Причуды военных судеб
Шла тяжелейшая кровавая война, распоряжаясь по своему усмотрению человеческими жизнями, и судьбы людей переплетались причудливо и непонятно. Да что там судьбы людей, целые континенты и государства перемалывались в этой конфронтации идеологических мировоззрений. Одни шли, чтобы поработить, другие отстаивали свою свободу.
В этом вселенском масштабном хаосе незаметны судьбы отдельных людей. Не ротами и батальонами оплакивал народ погибших, а каждый своего, родного и близкого. И радовались не столько сообщениям о разгроме врага под Москвой, Сталинградом, Минском, но более радовались треугольнику редкого фронтового письма. Значит, жив, значит, живет и надежда на встречу.
А война, наряду с огромным общим горем, творила и трагические, и счастливые моменты в короткой жизни солдат.
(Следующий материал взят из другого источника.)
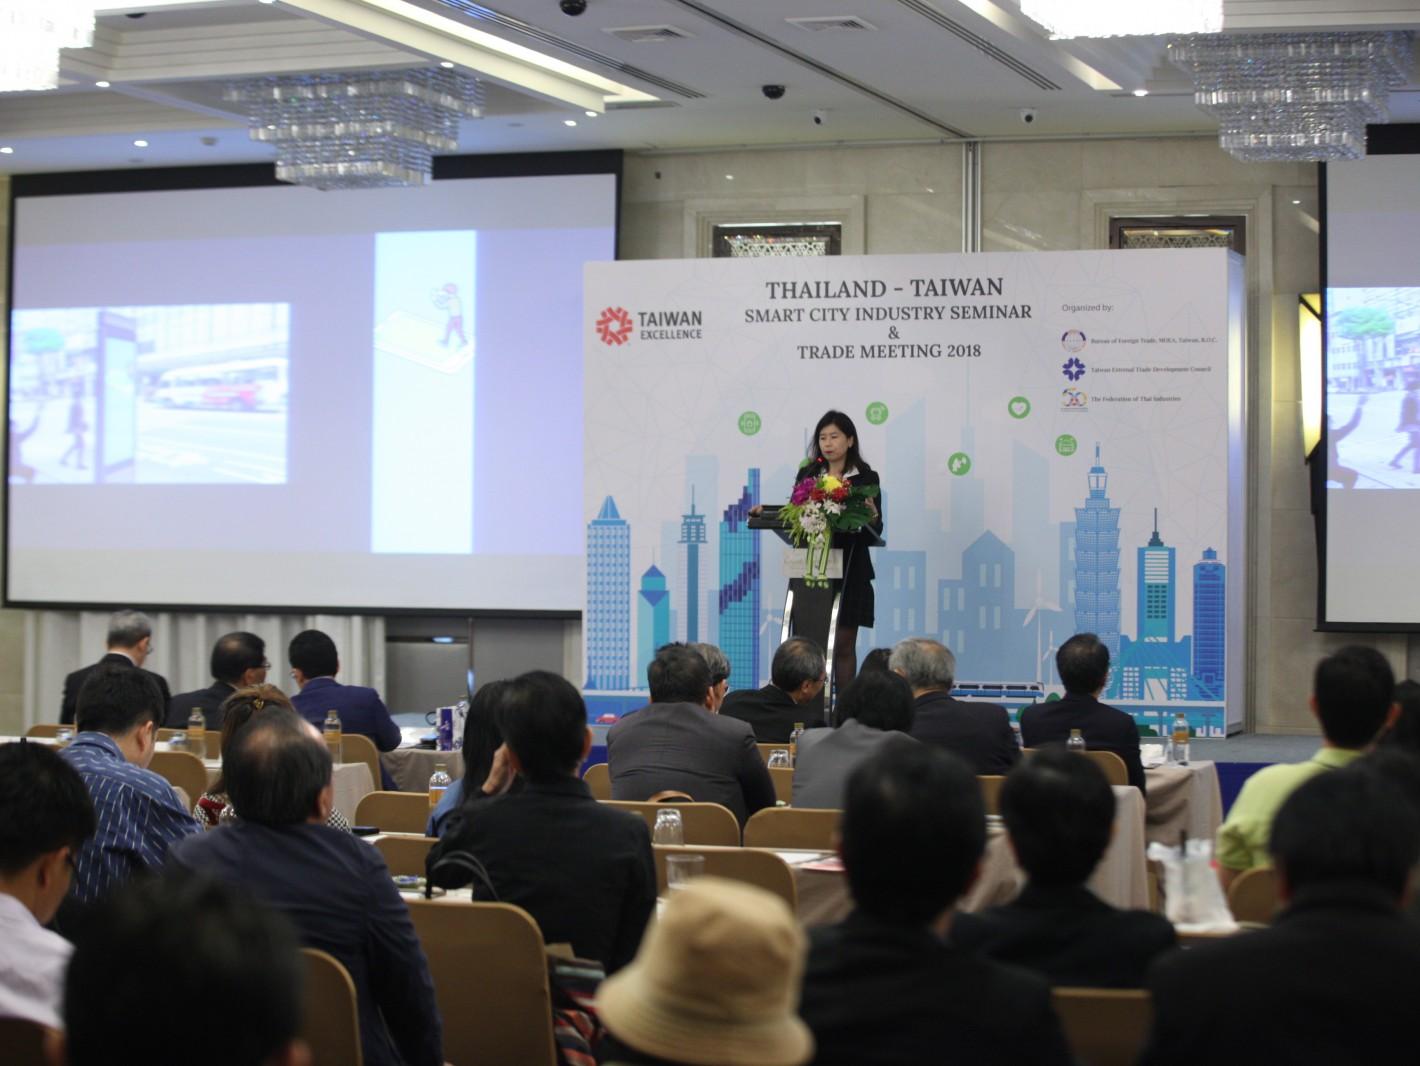 台灣精品廠商威盛電子林育如經理發表智慧交通及建築科技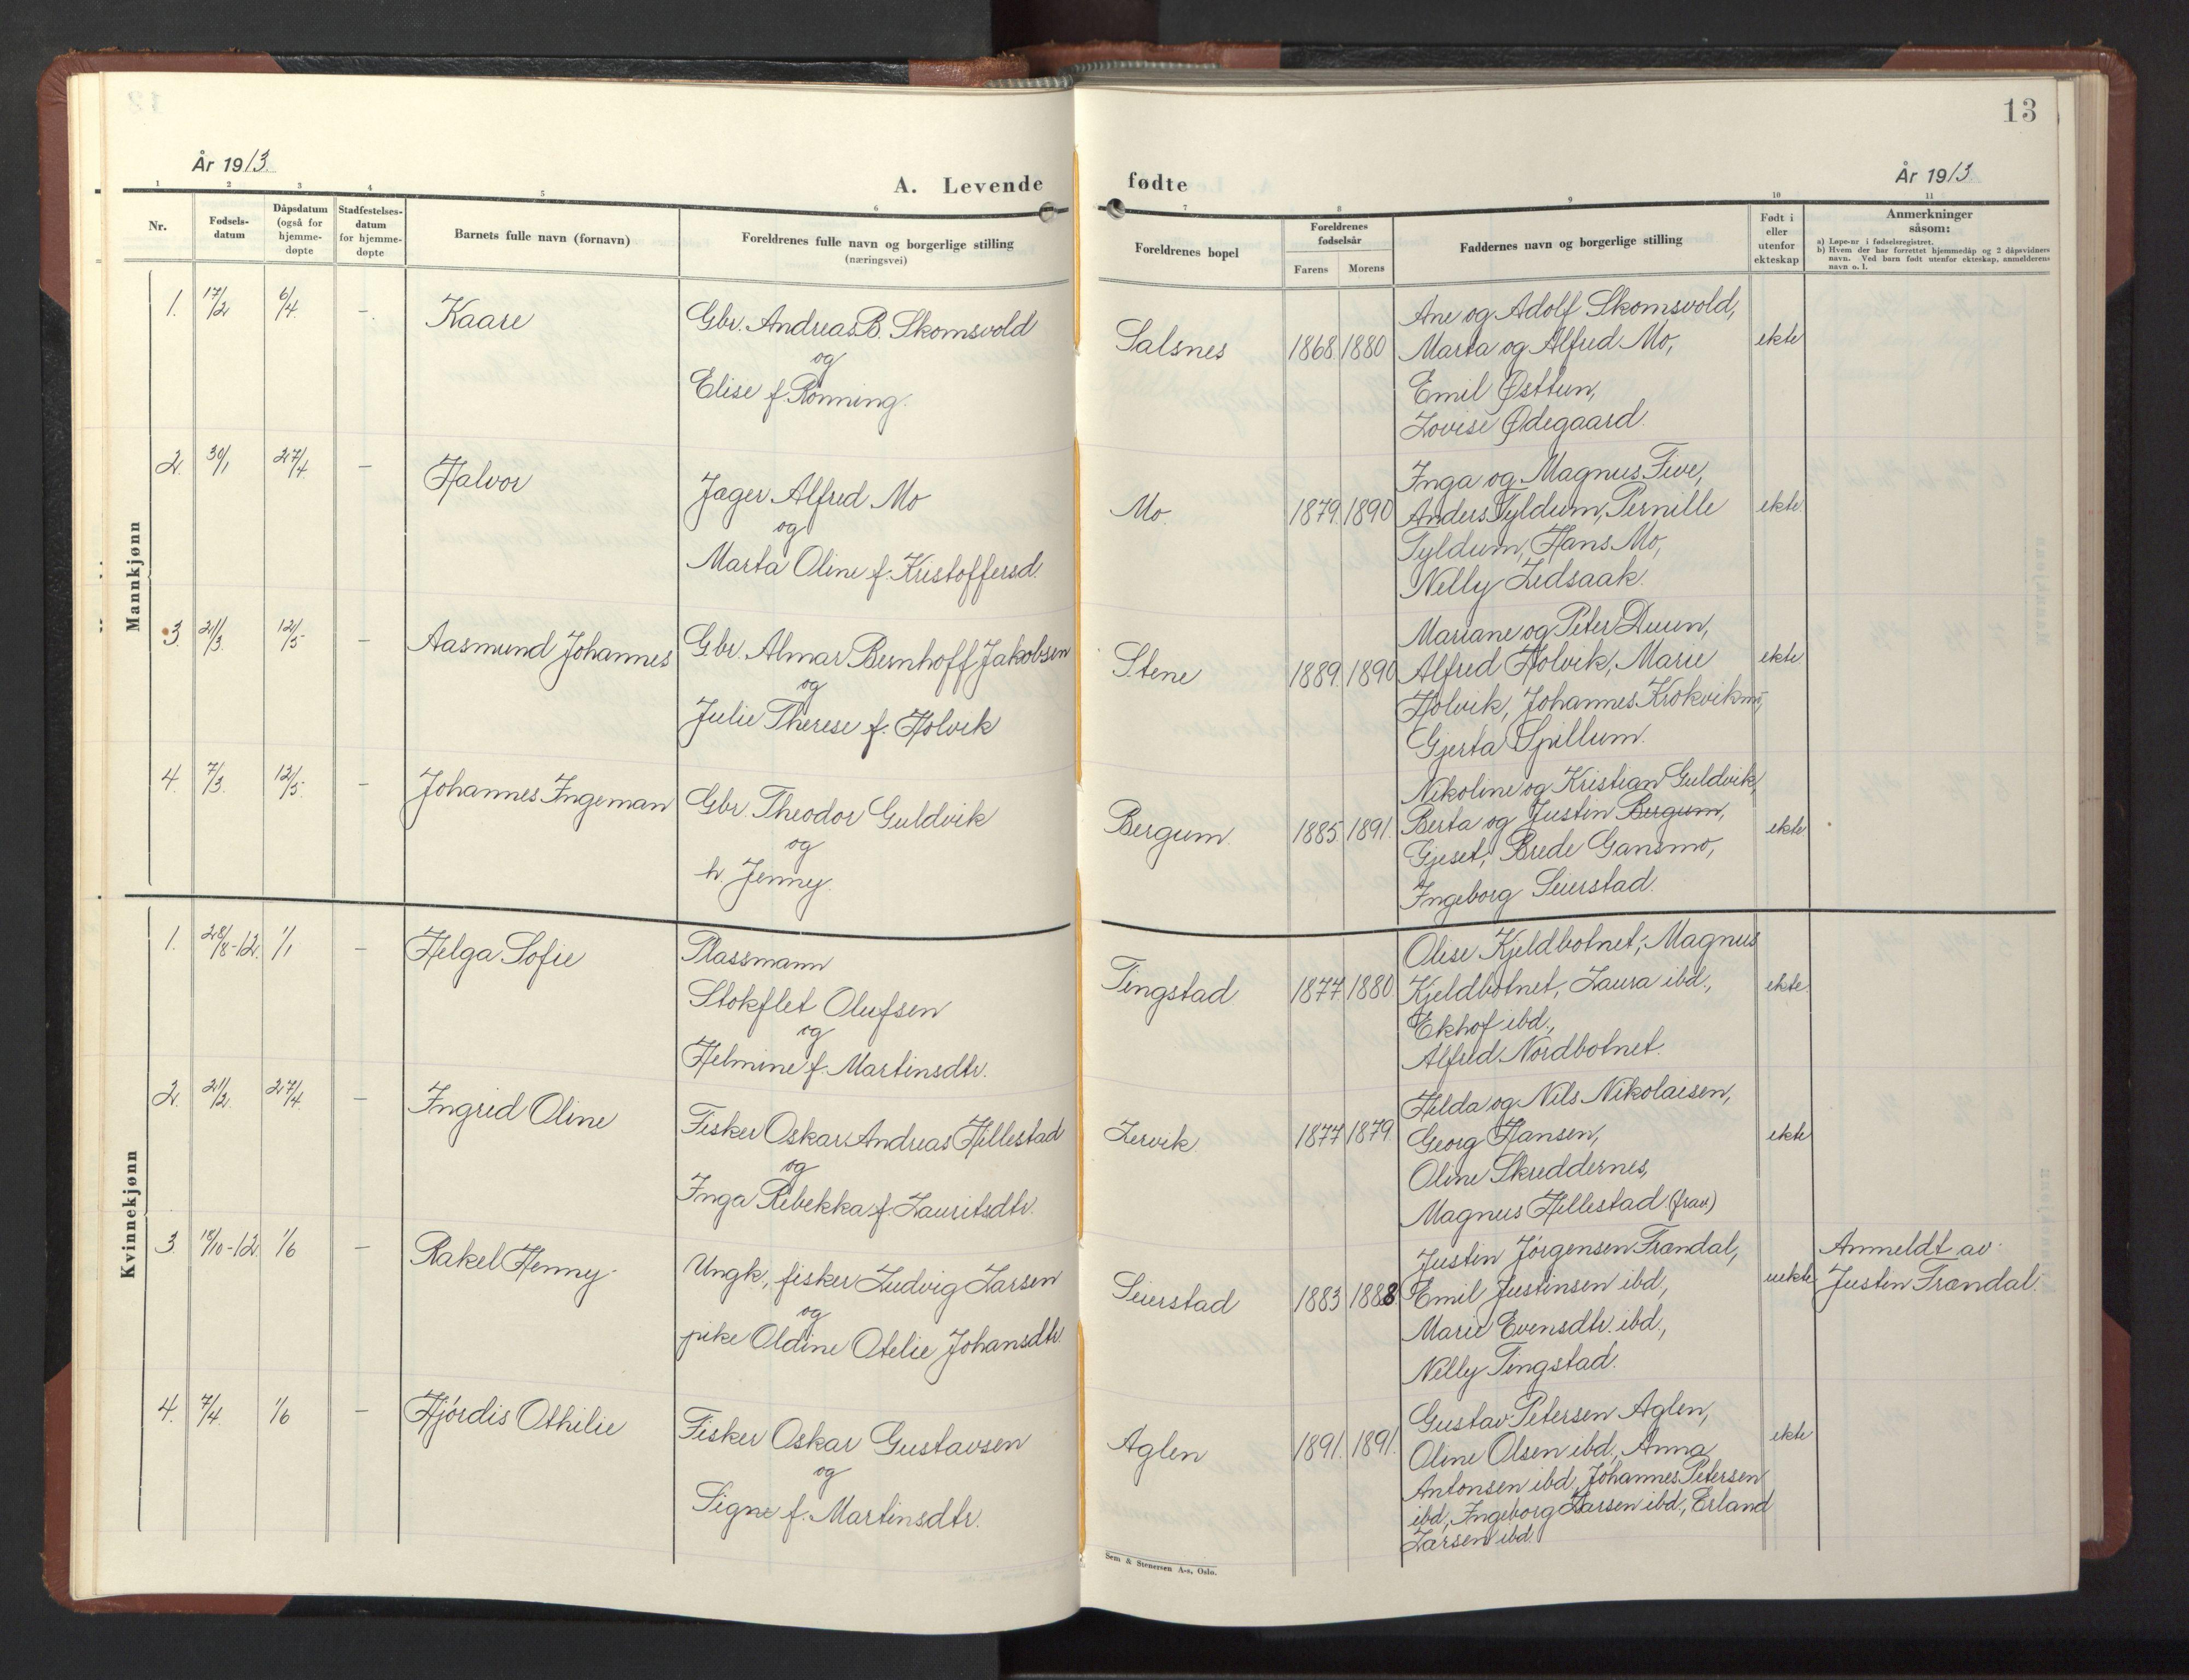 SAT, Ministerialprotokoller, klokkerbøker og fødselsregistre - Nord-Trøndelag, 773/L0625: Klokkerbok nr. 773C01, 1910-1952, s. 13

День победы 2019 года в Качканаре и Валериановске встречают девять наших ветеранов:
Николай Иванович Гаврилов
Валентина Андреевна Дьяченко
Сергей Васильевич Кадачиков
Михаил Васильевич Овчинников
Степан Иванович Питателев
Валентин Михайлович Попов
Геннадий Иванович Прокуров
Александра Степановна Слюсарь
Александр Никонорович Шурпатов
Спасал брата от смерти и попал под статью
Хорошо помню один из рассказов дальнего своего родственника, фронтовика Иннокентия Ивановича Воронова. Был он роста небольшого, сухощав. Изборожденное глубокими складками морщин лицо его не знало улыбки, и смеха его никто, наверное, не слышал. А вот пару раз на общих деревенских гулянках скупо рассказывал о фронтовой встрече с братом.
Лето и осень 1942 года в Поволжье были сухими и жаркими, давая возможность фашистским танкам быть хозяевами положения на степных просторах междуречья Дона и Волги. Немцы рвались к Сталинграду. Вторая волна их наступления, в сентябре 42-го, была особенно сильной.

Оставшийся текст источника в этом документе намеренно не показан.